NFC combines jamo sequences into modern hangul syllables. 
So you don't have to worry about that unification issue.
NFC does it! 

There are some jamo sequences that do not fit in modern 11172 hangul 
syllable and preserved unchanged through NFC. 
They are legitimate jamo sequences for archaic hangul syllables or 
pure consonant-only jamo sequences etc. They should be respected.


>  ideally, should be
> solved by normalization (i.e., in the protocol and at all levels
> of the DNS) and not by registration restrictions alone.   In my
> ignorance, I have understood that is not especially easy, so I
> am pressing on the question of whether we can pick one or the
> other.
> 
> > I see. Then why not include _selectively_ the compat mappings
> > of NFKC into future Stringprep200x ?
> 
> Simpler rules are better and lead to fewer problems.  So my
> answers to a question stated as "why not" is "why at all" and
> "is there really a compelling need to do this"?   In the
> particular case of IDNAbis, and remembering that any character
> that is mapped to another one is not represented in the DNS at
> all, I'd like all of us to understand what value accepting these
> compatibility characters and them mapping them away in the
> protocol adds to the IDN/DNS environment.
> 
> > The compatibility mappings of (NFKC - NFC) should be selectivly
> > included into Stringprep200x of IDNAbis under the criteria of
> > "the same glyph" rule. that is, if compatibility mappings 
> > produces the same glyph and same number of character for the
> > input  character, those mappings should be included into
> > Stringprep200x.  "Circled a" and ligatures  can be excluded.
> 
> The counter-argument --and I want to stress that this applies to
> many, many, scripts other than Hangul-- is that, if these
> characters are mapped away, then they cannot appear in output
> from the DNS.  Their assignment to separate code points is not
> intrinsic to the characters or glyphs, it is an artifact of how
> Unicode (and some other CCSs) are organized.  I'd like to
> believe that, had Unicode been organized strictly for DNS
> purposes, the additional code points would not be there at all
> (of course, it has to serve broader purposes, so their presence
> is presumably entirely appropriate).   So I can imagine "if you
> actually see these compatibility characters on input, map them"
> being very good advice for a UI-writer, or even for an Operating
> System input driver, but I remain convinced that we should keep
> the permitted inputs to IDNA itself as close to what IDNA can
> produce (i.e., to ToUnicode(ToASCII(string)) as possible.

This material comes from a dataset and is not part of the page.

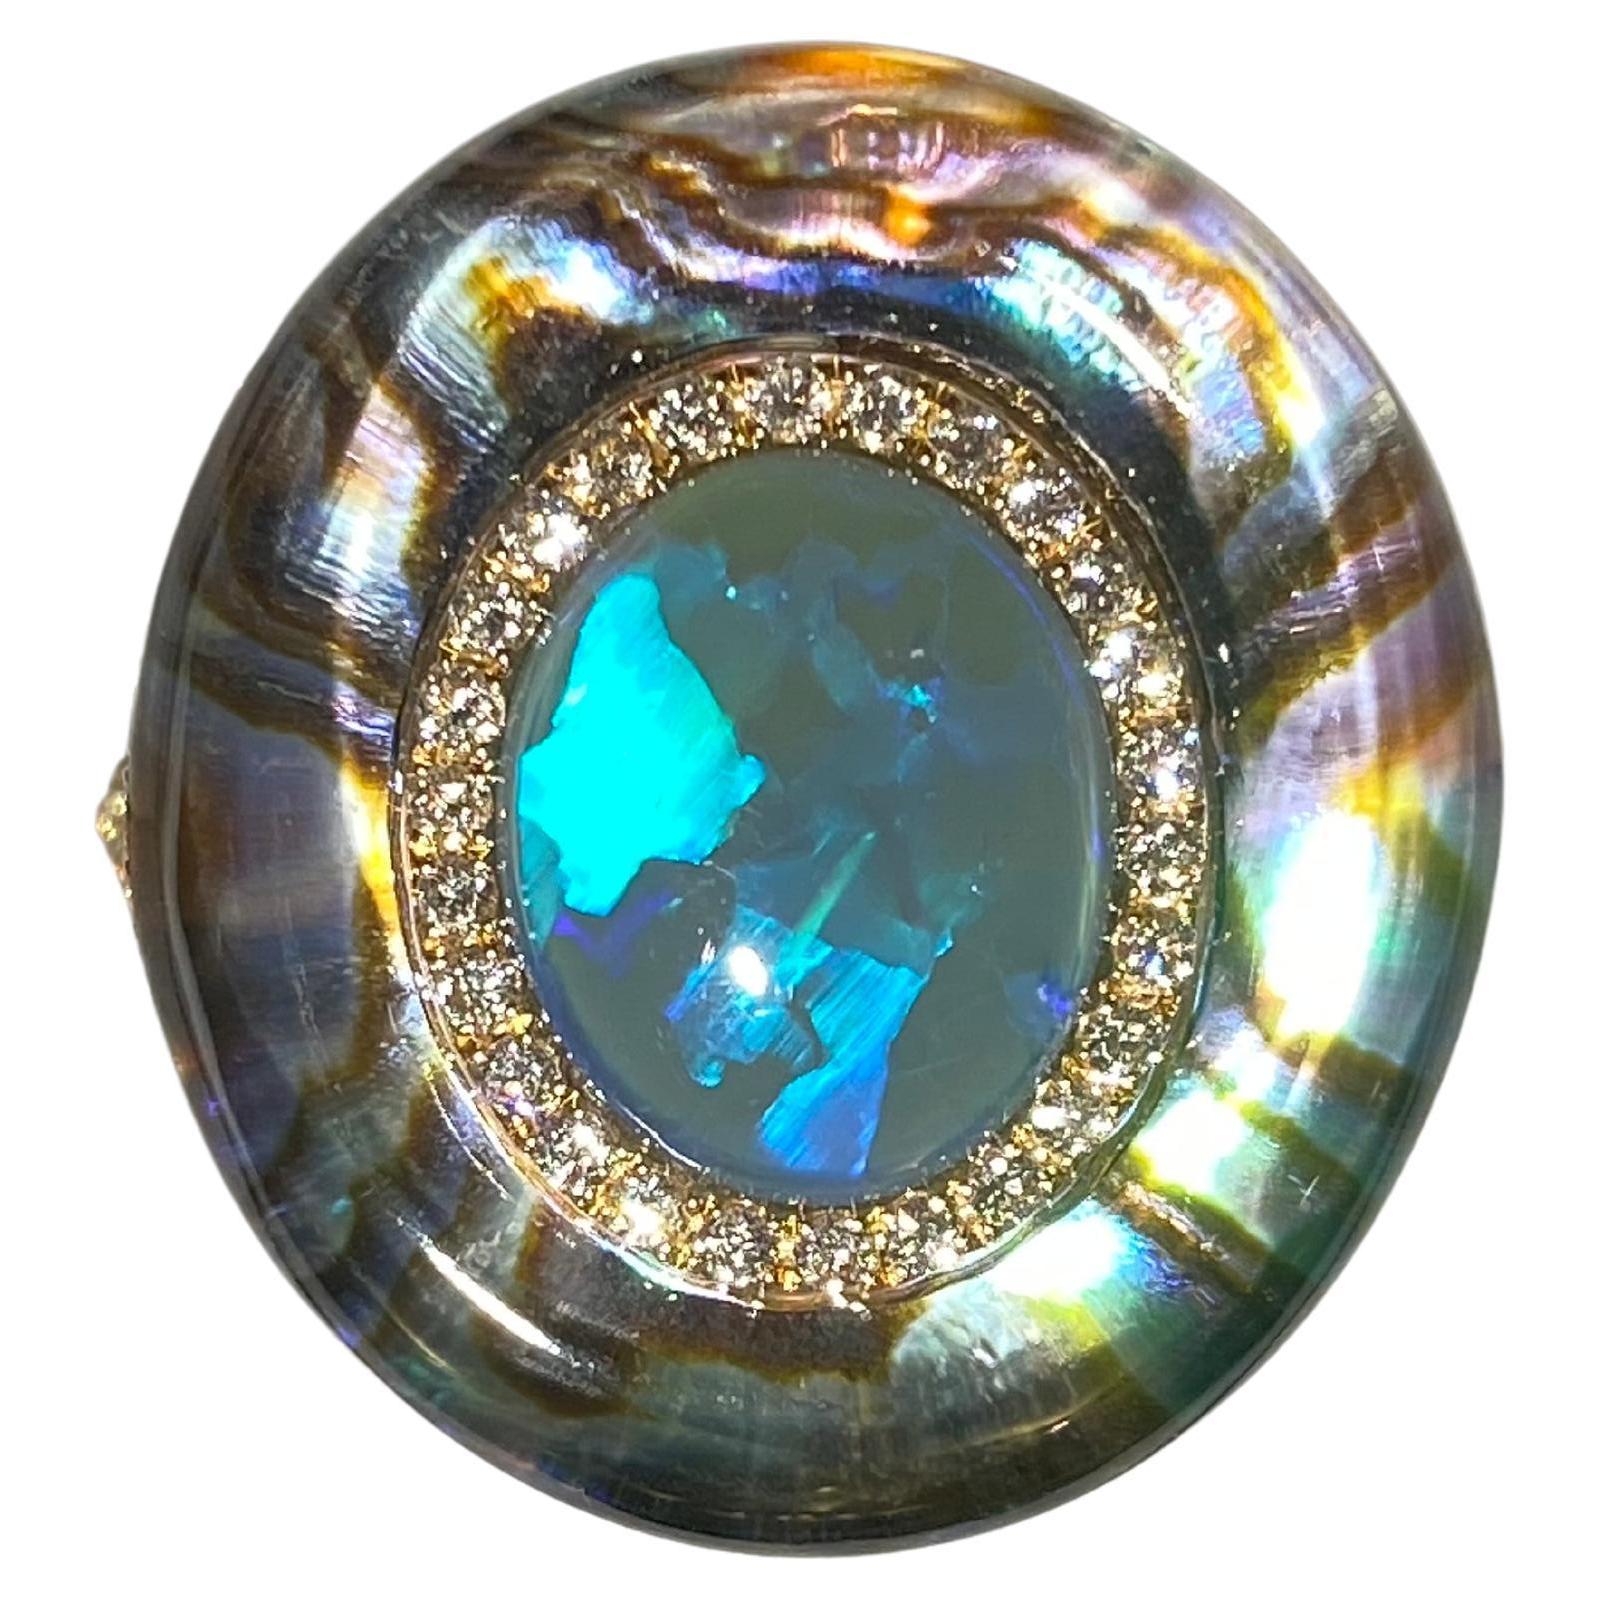 A 2.27 ct Solid Opal, Abalone Shell, Crystal and Diamond in 18k Yellow Gold. The solid opal is surrounded by a circle of diamond pave, on the outer circle is where the abalone shell is. The abalone shell is cover by thick crystal  giving the ring a

Okay. Just allowing 0x31xx   will meet this requirement.
because 0x31xx are preserved through NFC.
x= (compat jamo sequence)
ToUnicode(ToASCII(x)) == x : this is always guaranteed.

0x31xx and 0x11xx share the same glyph, but such confusible
registrations can be prevented by registries. We already
have many sets of look-alikes in other scripts.

Again: 0x31xx is the UNIQUE input method available for jamo 
sequences. 0x11xx is crucial in archaic hangul syllables.
That is why they both shoud be allowed in input.

>   
> > Some compatibility mappings that don't cause glyph changes
> > like above  has the same importance as casefolding which
> > causes glyph changes.
> 
> I don't know how to evaluate "importance".   Case-folding in
> IDNs is a very specific compatibility issue with traditional DNS
> mapping rules and has little to do with Unicode or compatibility
> characters.
> 
> 
> The need for interoperability, and unique, unambiguous, global
> references in the DNS, strongly suggests that, if several
> different localized systems cannot figure out how something
> should be represented, we should see if we can do without it and
> prohibit it.

Prohibiting fillers are not so harmful. I won't oppose the prohibition.
But, "Let Registries/Applications' UI to filter out them" is  also
a good solution, since font problem may be cured later.

Again: jamo sequences does not make conflict with hangul syllables.
Jamo sequences have their own roles that can't be done with syllables.